Un accord mondial sur les pandémies adopté sans l’appui des États-Unis

À Genève, les États membres de l’Organisation mondiale de la santé (OMS) ont franchi une étape significative en adoptant un accord international destiné à renforcer la prévention et la gestion des pandémies à venir. Ce texte, fruit de trois années de négociations, marque un tournant pour la coopération sanitaire mondiale, dans un contexte où les lacunes observées lors de la crise de la COVID-19 restent encore vives dans les mémoires.

L’adoption du traité, qui a suscité des applaudissements lors de l’Assemblée mondiale de la santé, reflète la volonté de nombreux pays de ne pas répéter les erreurs du passé. Le directeur général de l’OMS, Tedros Adhanom Ghebreyesus, a qualifié ce moment de « victoire pour la santé publique, la science et le multilatéralisme », insistant sur l’importance de renforcer la résilience mondiale face aux menaces sanitaires.

L’un des piliers de cet accord prévoit un accès équitable aux ressources médicales en cas de nouvelle pandémie. Les fabricants de vaccins, médicaments et tests diagnostiques s’engagent à allouer 20 % de leur production à l’OMS, dans l’objectif de soutenir les pays les plus vulnérables. Cette mesure vise à corriger les inégalités flagrantes observées pendant la pandémie de COVID-19, où les pays à faible revenu ont souvent été relégués au second plan dans l’accès aux traitements et aux vaccins.

Toutefois, ce progrès est tempéré par une absence notable : les États-Unis.
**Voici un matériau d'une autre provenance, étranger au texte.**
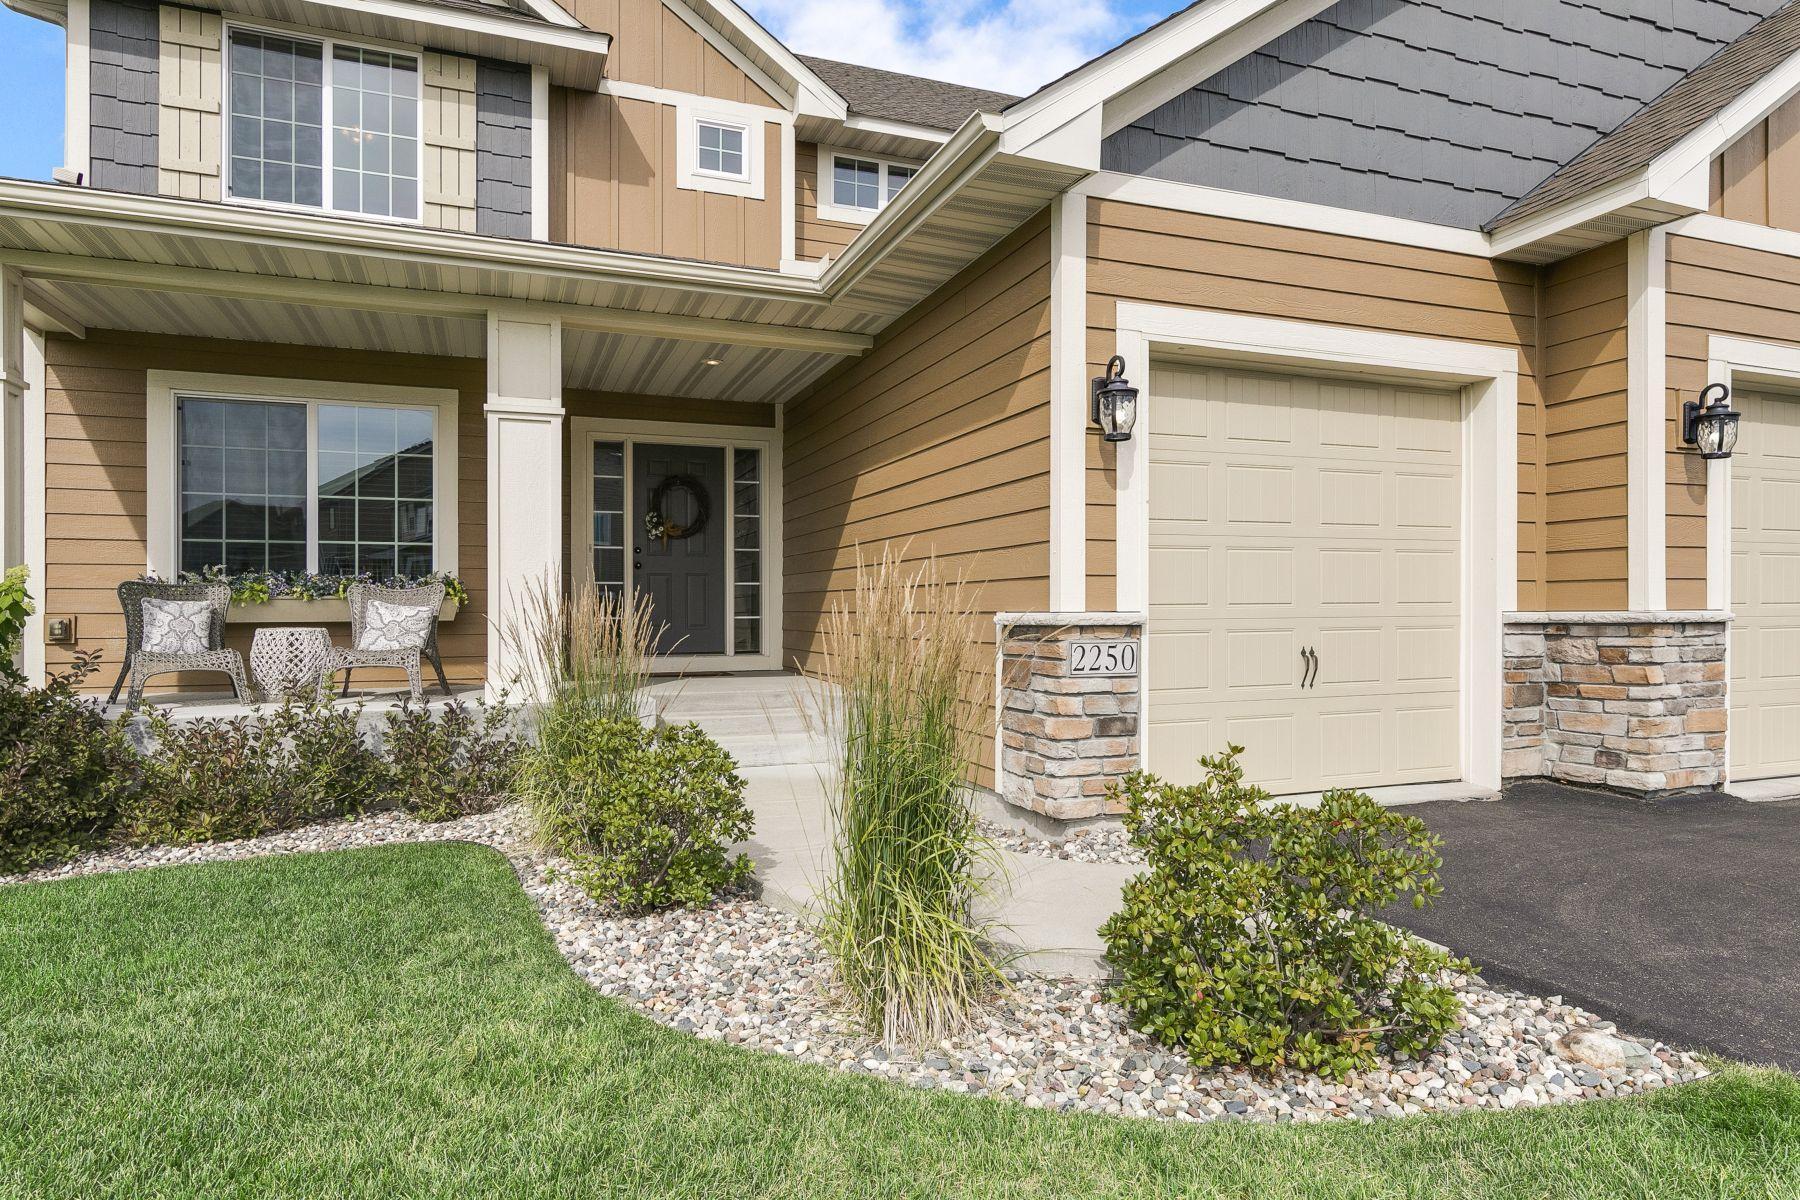 2250 Jennifer Lane Property Photo - Shakopee, MN real estate listing

En raison d’un retrait entamé sous l’administration Trump, les représentants américains n’ont pas participé à la phase finale des discussions et ne sont donc pas liés par les engagements du traité. Ce désengagement soulève des préoccupations quant à l’efficacité de l’accord, étant donné que les États-Unis demeurent l’un des plus importants contributeurs au financement de l’OMS et ont joué un rôle majeur dans le développement de solutions médicales contre la COVID-19.
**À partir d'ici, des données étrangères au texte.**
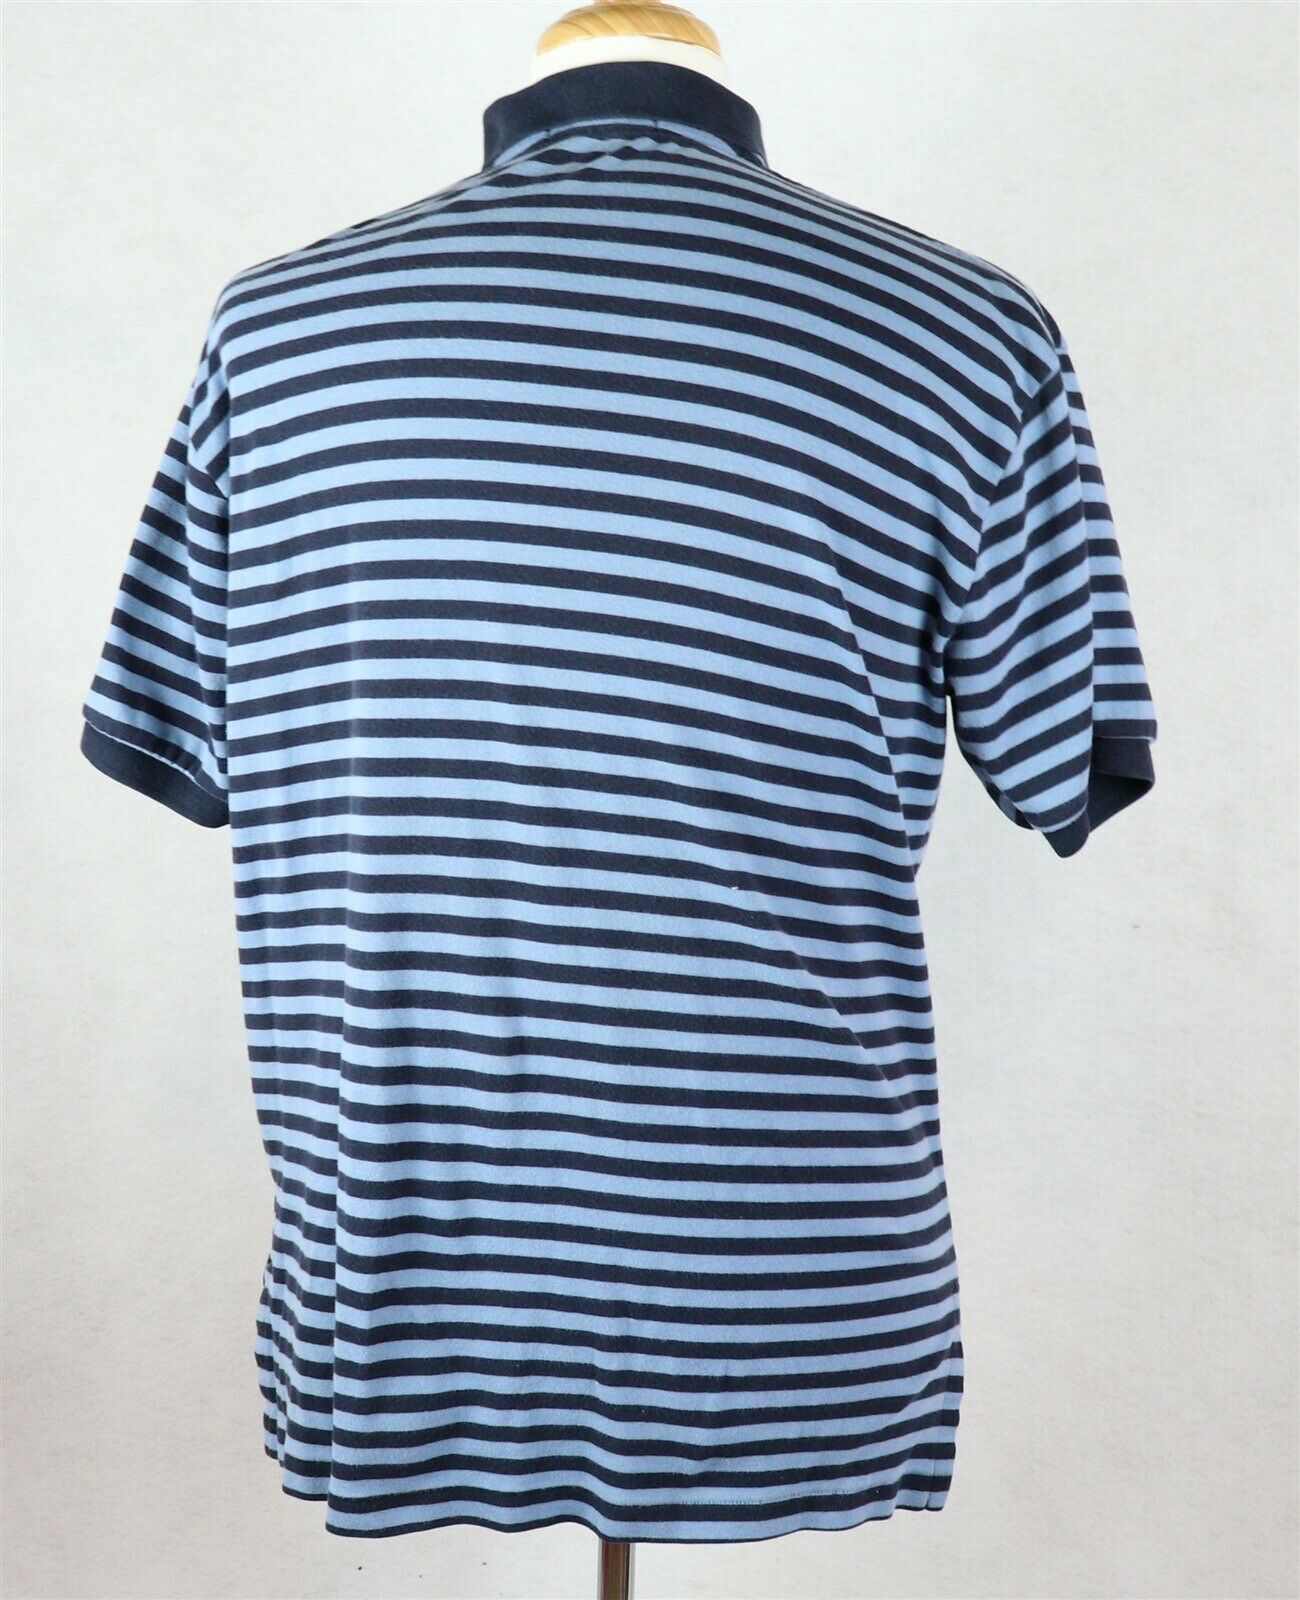 Ralph Lauren Polo Mens Striped Polo Shirt Size Large

L’approbation de ce pacte n’a pas été totalement consensuelle. Bien que 124 pays aient voté en sa faveur sans opposition formelle, onze pays, dont la Pologne, Israël, l’Iran, l’Italie, la Russie, la Slovaquie et d’autres, se sont abstenus. La Slovaquie a même exprimé des réserves de dernière minute, invoquant des inquiétudes liées aux vaccins, ce qui a presque entraîné une impasse diplomatique.
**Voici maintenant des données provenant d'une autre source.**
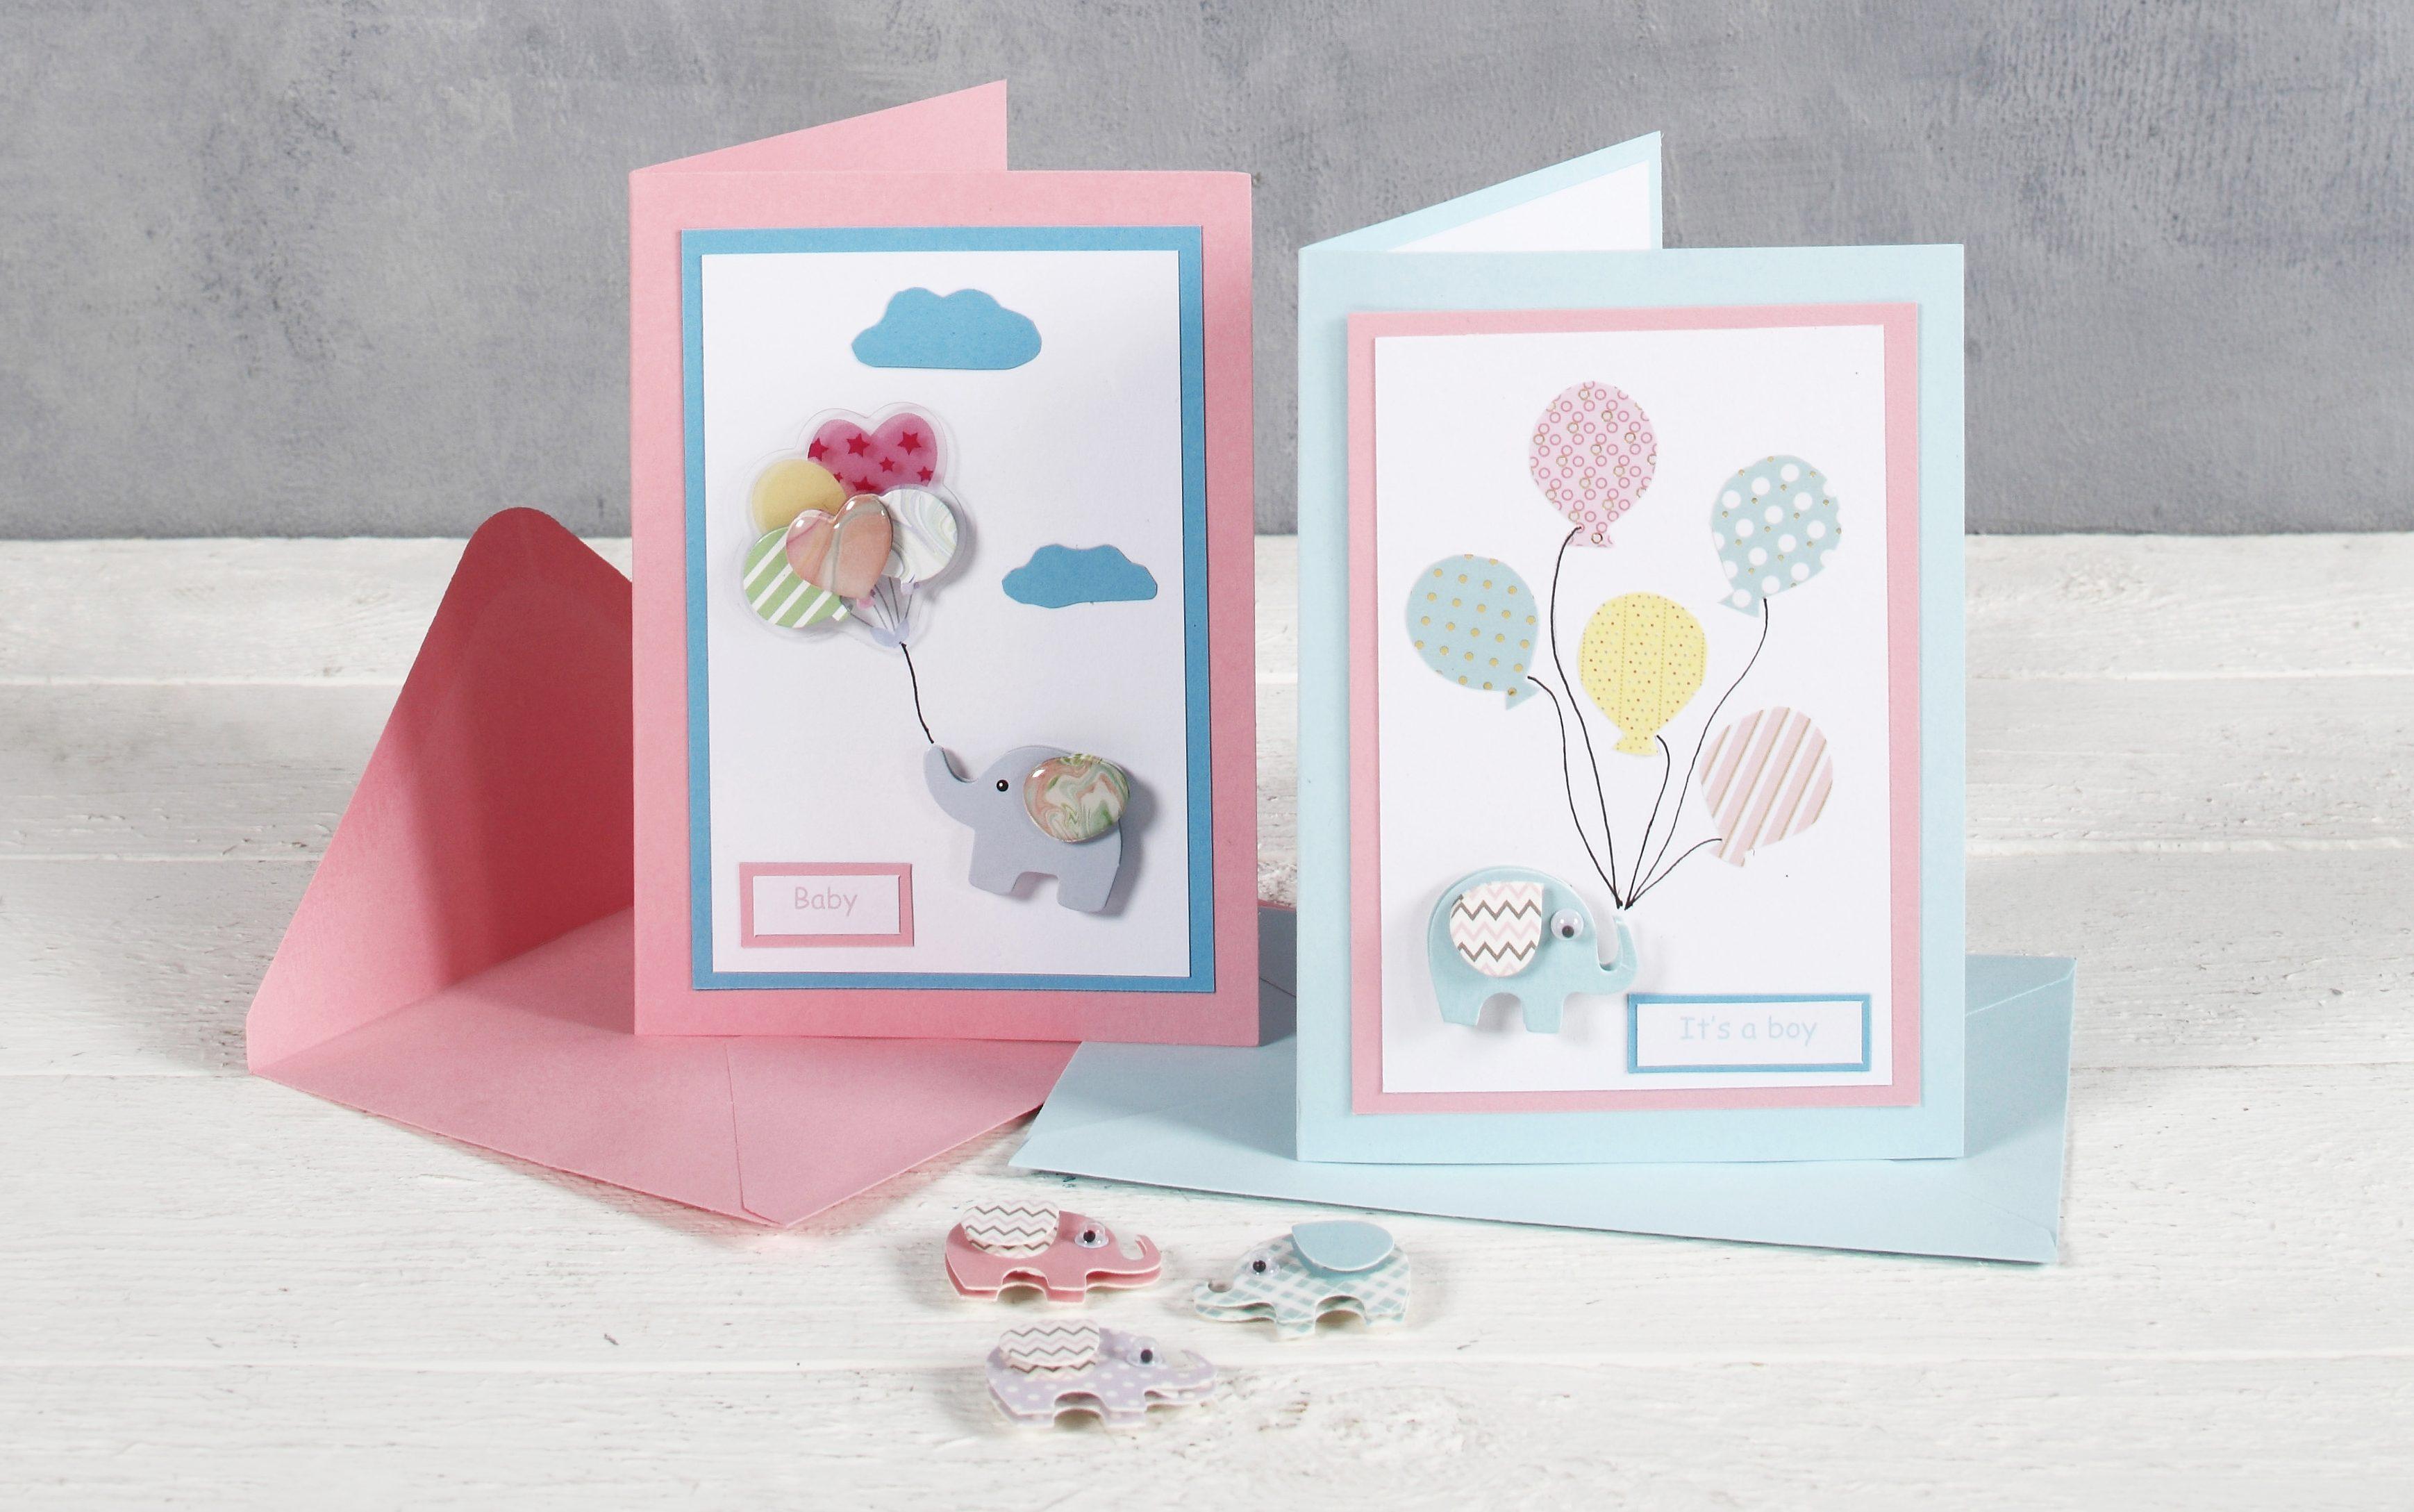 Babyshower kort med elefant och ballong

Du côté des experts, les avis sont partagés. Certains, comme Michelle Childs de l’initiative Drugs for Neglected Diseases, saluent les avancées du texte, notamment les dispositions sur la recherche et le développement, qui pourraient favoriser une approche plus équitable en matière de santé mondiale. D’autres, en revanche, se montrent plus critiques. Gian Luca Burci, conseiller au Global Health Centre de Genève, considère que le traité, en l’état, manque de mécanismes d’application robustes, et risque de rester symbolique sans engagements concrets.

En l’absence de sanctions prévues en cas de non-respect des obligations du traité, plusieurs observateurs redoutent que son efficacité soit compromise. De plus, l’entrée en vigueur de l’accord dépend encore de l’adoption d’un protocole additionnel portant sur le partage des données génétiques liées aux agents pathogènes. Les discussions sur cet aspect crucial doivent commencer en juillet, et son adoption pourrait prendre jusqu’à deux ans, selon certaines sources diplomatiques.

En somme, si cet accord représente une avancée pour la coopération internationale en matière de santé, il devra encore surmonter plusieurs obstacles avant de devenir un véritable levier de transformation dans la lutte contre les futures pandémies.